Terbinafine 1% cream or spray is applied twice daily and is effective in tinea corporis, tinea cruris, and tinea pedis. Terbinafine is less active against Candida species and M. furfur, but the cream also can be used in cutaneous candidiasis and tinea versicolor.


Butenafine hydrochloride (MENTAX, LOTRIMIN ULTRA) is a benzylamine derivative with a mechanism of action and spectrum of activity similar to those of terbinafine, naftifine, and other allylamines.

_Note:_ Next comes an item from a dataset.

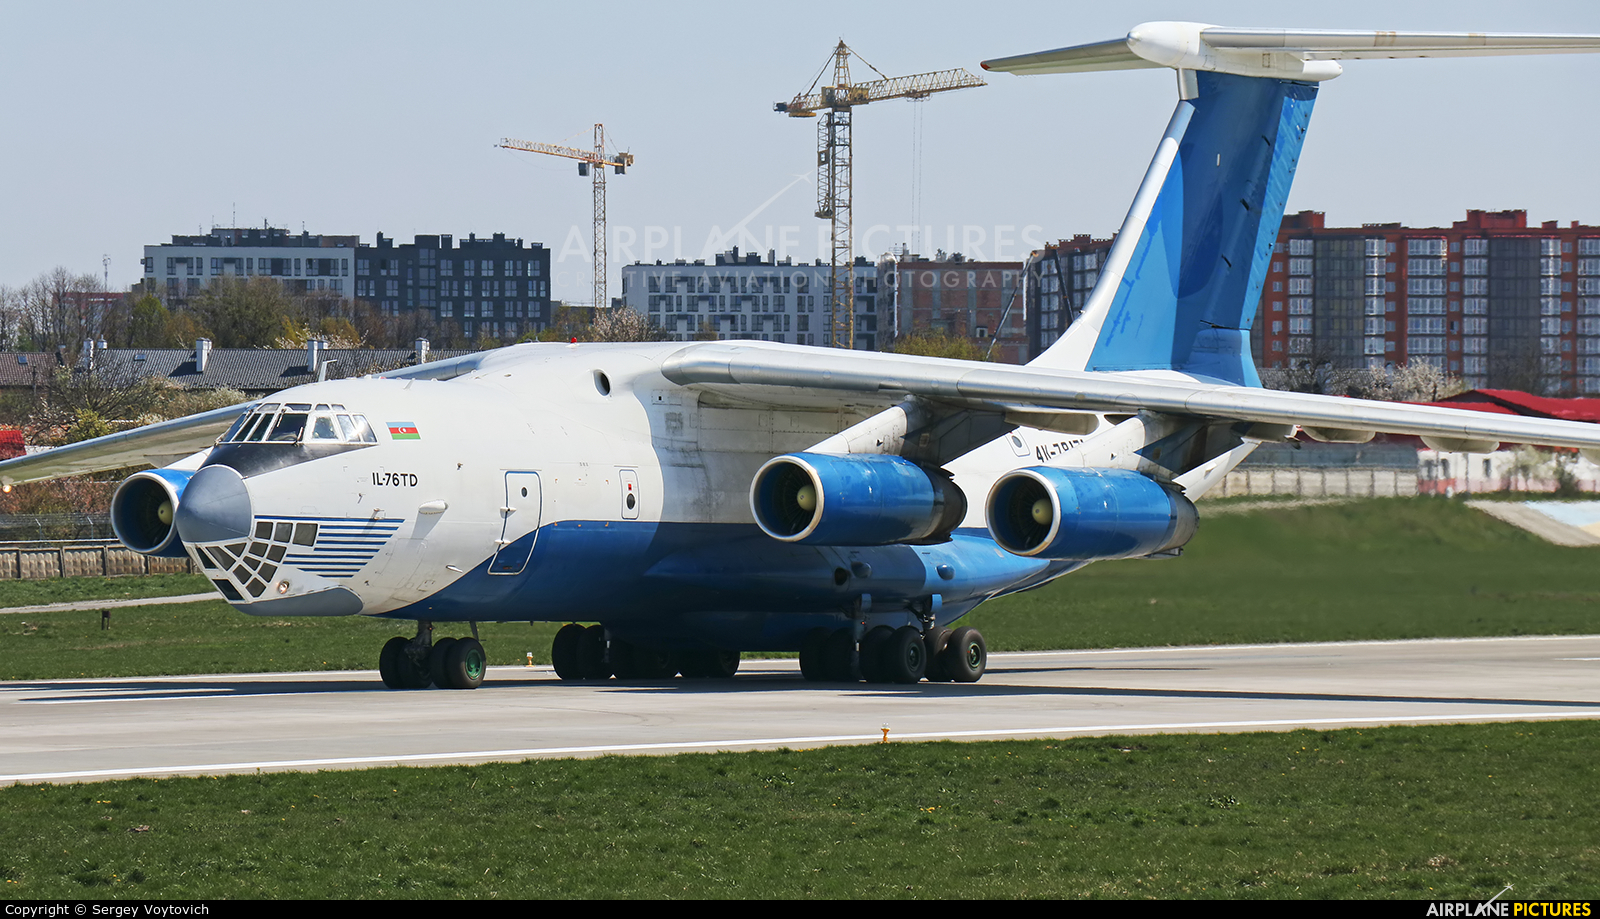 Δύο αεροσκάφη με ανθρωπιστική βοήθεια στέλνει η Ρωσία στην Κούβα

Nystatin, a tetraene macrolide produced by Streptomyces noursei, is structurally similar to amphotericin B and has the same mechanism of action. The drug is not absorbed from the GI tract, skin, or vagina. Nystatin (MYCOSTATIN, NILSTAT, others) is useful only for candidiasis and is supplied in preparations intended for cutaneous, vaginal, or oral administration for this purpose. Infections of the nails and hyperkeratinized or crusted skin lesions do not respond. Powders are preferred for moist lesions and are applied 2 to 3 times daily. Creams or ointments are used twice daily. Combinations of nystatin with antibacterial agents or corticosteroids also are available. Imidazoles or triazoles are more effective agents than nystatin for vaginal candidiasis. Nystatin suspension is usually effective for oral candidiasis of the immunocompetent host. Other than the bitter taste and occasional complaints of nausea, adverse effects are uncommon.

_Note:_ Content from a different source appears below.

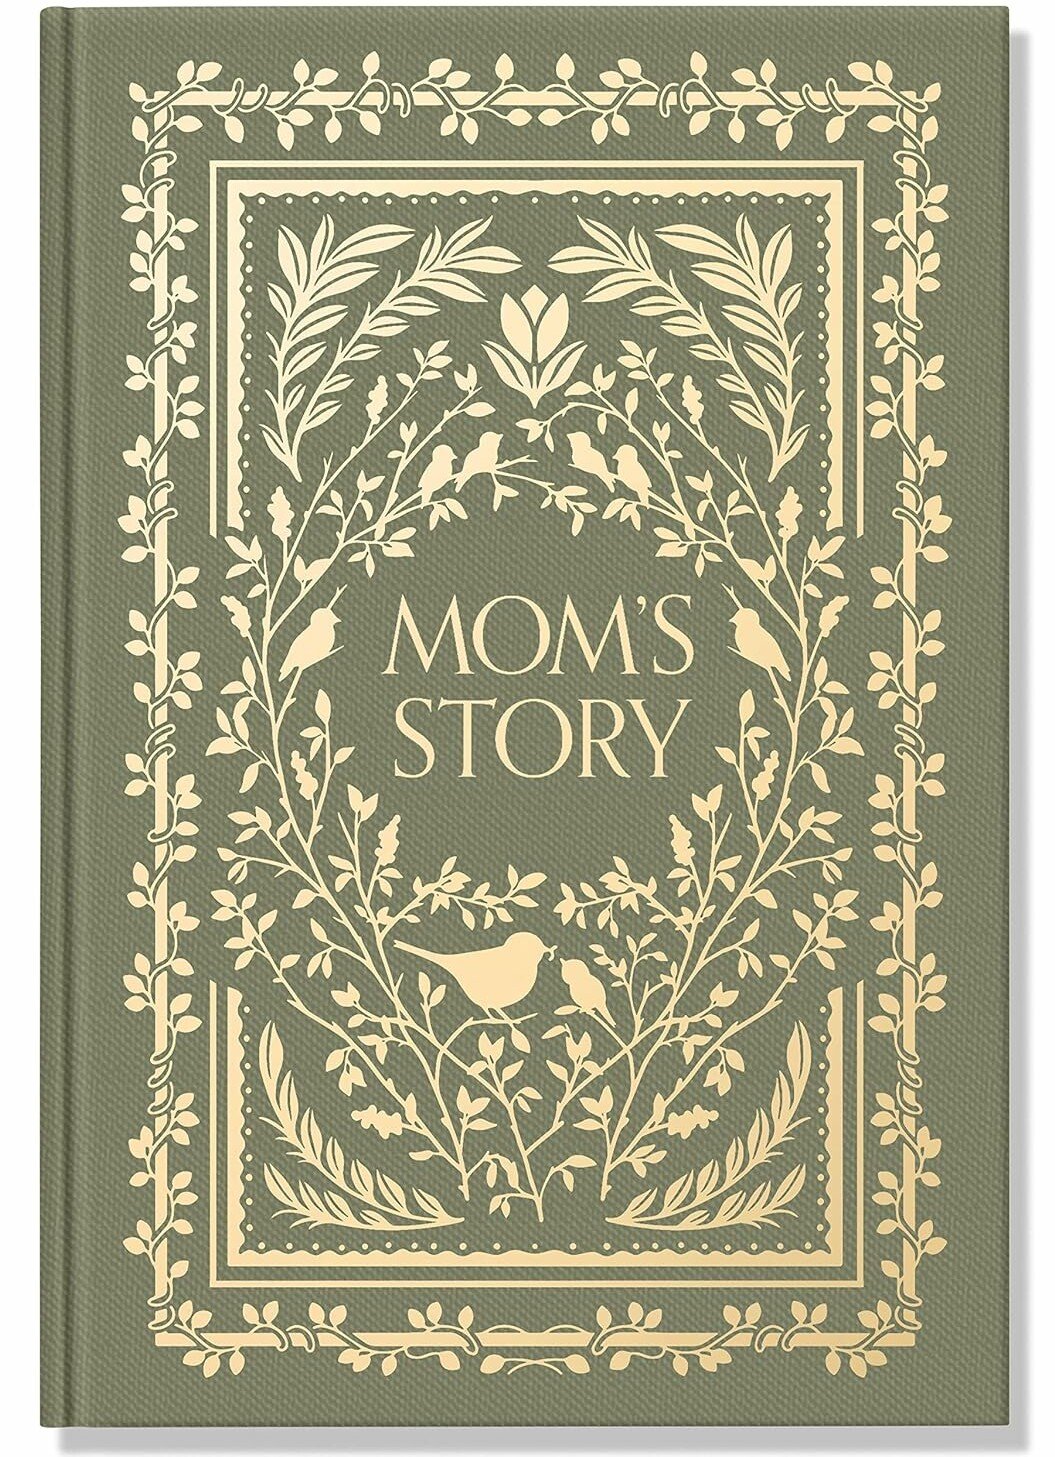 Mom's Story journal for moms

Undecylenic acid is primarily fungistatic and against a variety of fungi, including those that cause ringworm. Undecylenic acid (DESENEX, others) is available in a cream, powder, spray powder, soap, and liquid. Zinc undecylenate is marketed in combination with other ingredients. The zinc provides an astringent action that aids in the suppression of inflammation. Compound undecylenic acid ointment contains both undecylenic acid (~5%) and zinc undecylenate (~20%). Calcium undecylenate (CALDESENE, CRUEX) is available as a powder. Undecylenic acid preparations are used in the treatment of various dermatomycoses, especially tinea pedis. Concentrations of the acid as high as 10%, as well as those of the acid and salt in the compound ointment, may be applied to the skin. The preparations usually are not irritating to tissue, and sensitization to them is uncommon. In tinea pedis, the infection frequently persists despite intensive treatment and the clinical “cure” rate is ~50%, which is much lower than that obtained with the imidazoles, haloprogin, or tolnaftate. Undecylenic acid preparations also are approved for use in the treatment of diaper rash, tinea cruris, and other minor dermatologic conditions.

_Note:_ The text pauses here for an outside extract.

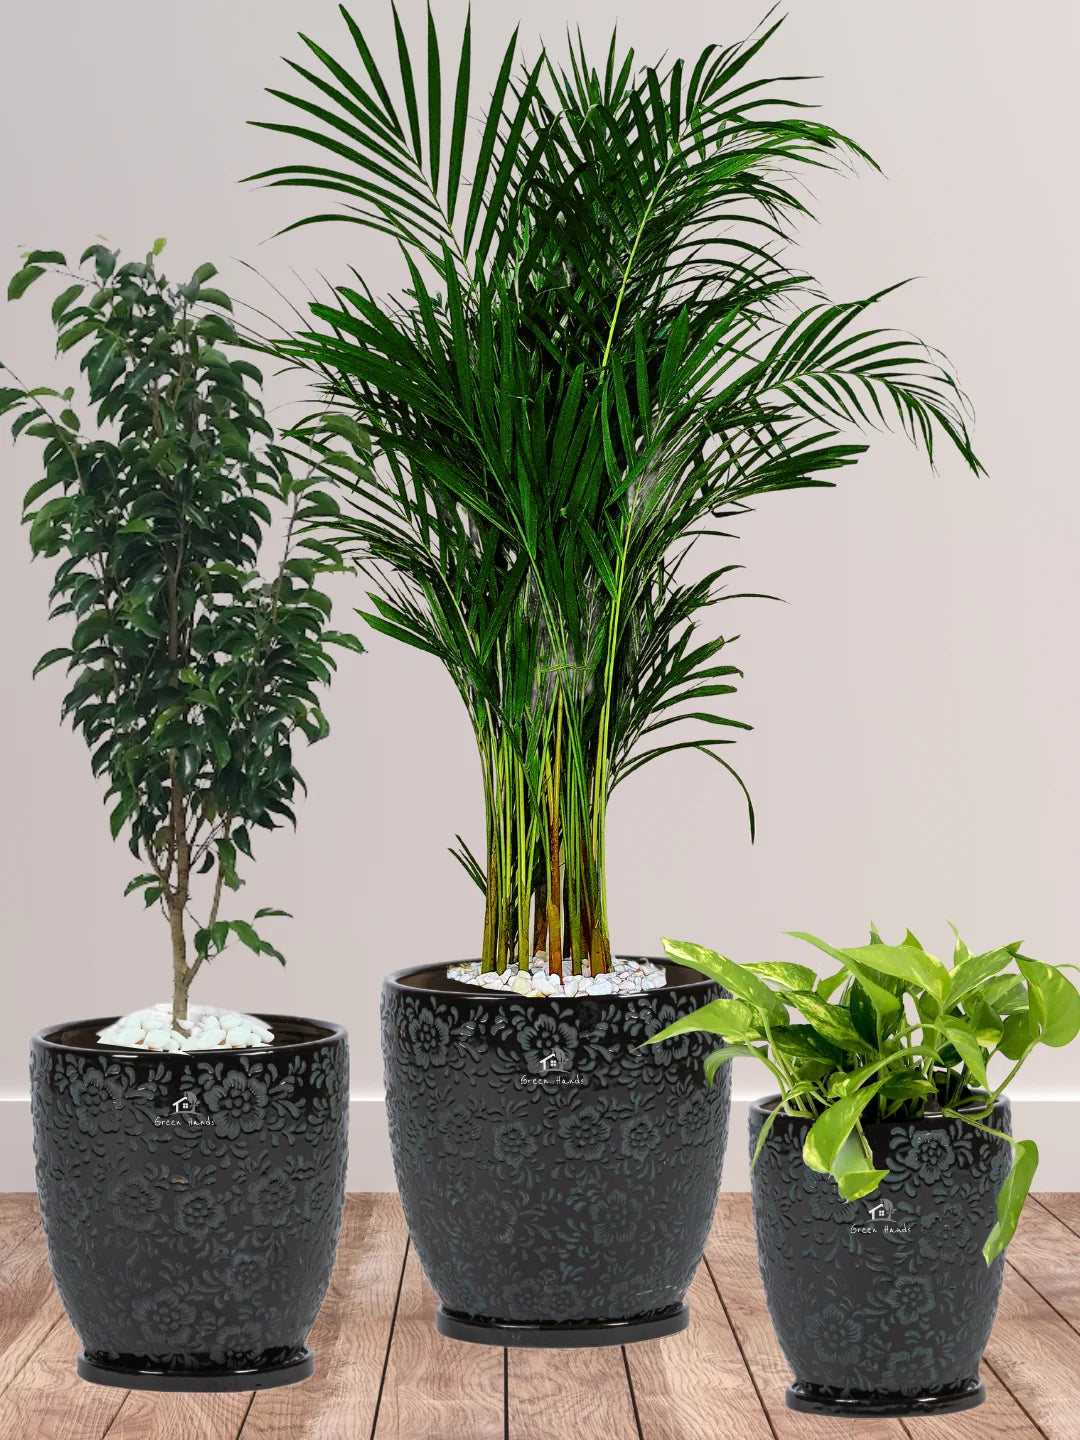 Potted Areca Palm, Benjamina, Money Plant | Three Plants Bundle in Premium Imari Black Floral Ceramic Pots

Benzoic Acid and Salicylic Acid. An ointment containing benzoic and salicylic acids is known as Whitfield’s ointment. It combines the fungistatic action of benzoate with the keratolytic action of salicylate (in a ratio of 2:1, usually 6-3%) and is used mainly in the treatment of tinea pedis. Because benzoic acid is only fungistatic, eradication of the infection occurs only after the infected stratum corneum is shed. Continuous medication is required for several weeks to months. The salicylic acid accelerates the desquamation. The ointment also is sometimes used to treat tinea capitis. Mild irritation may occur at the site of application.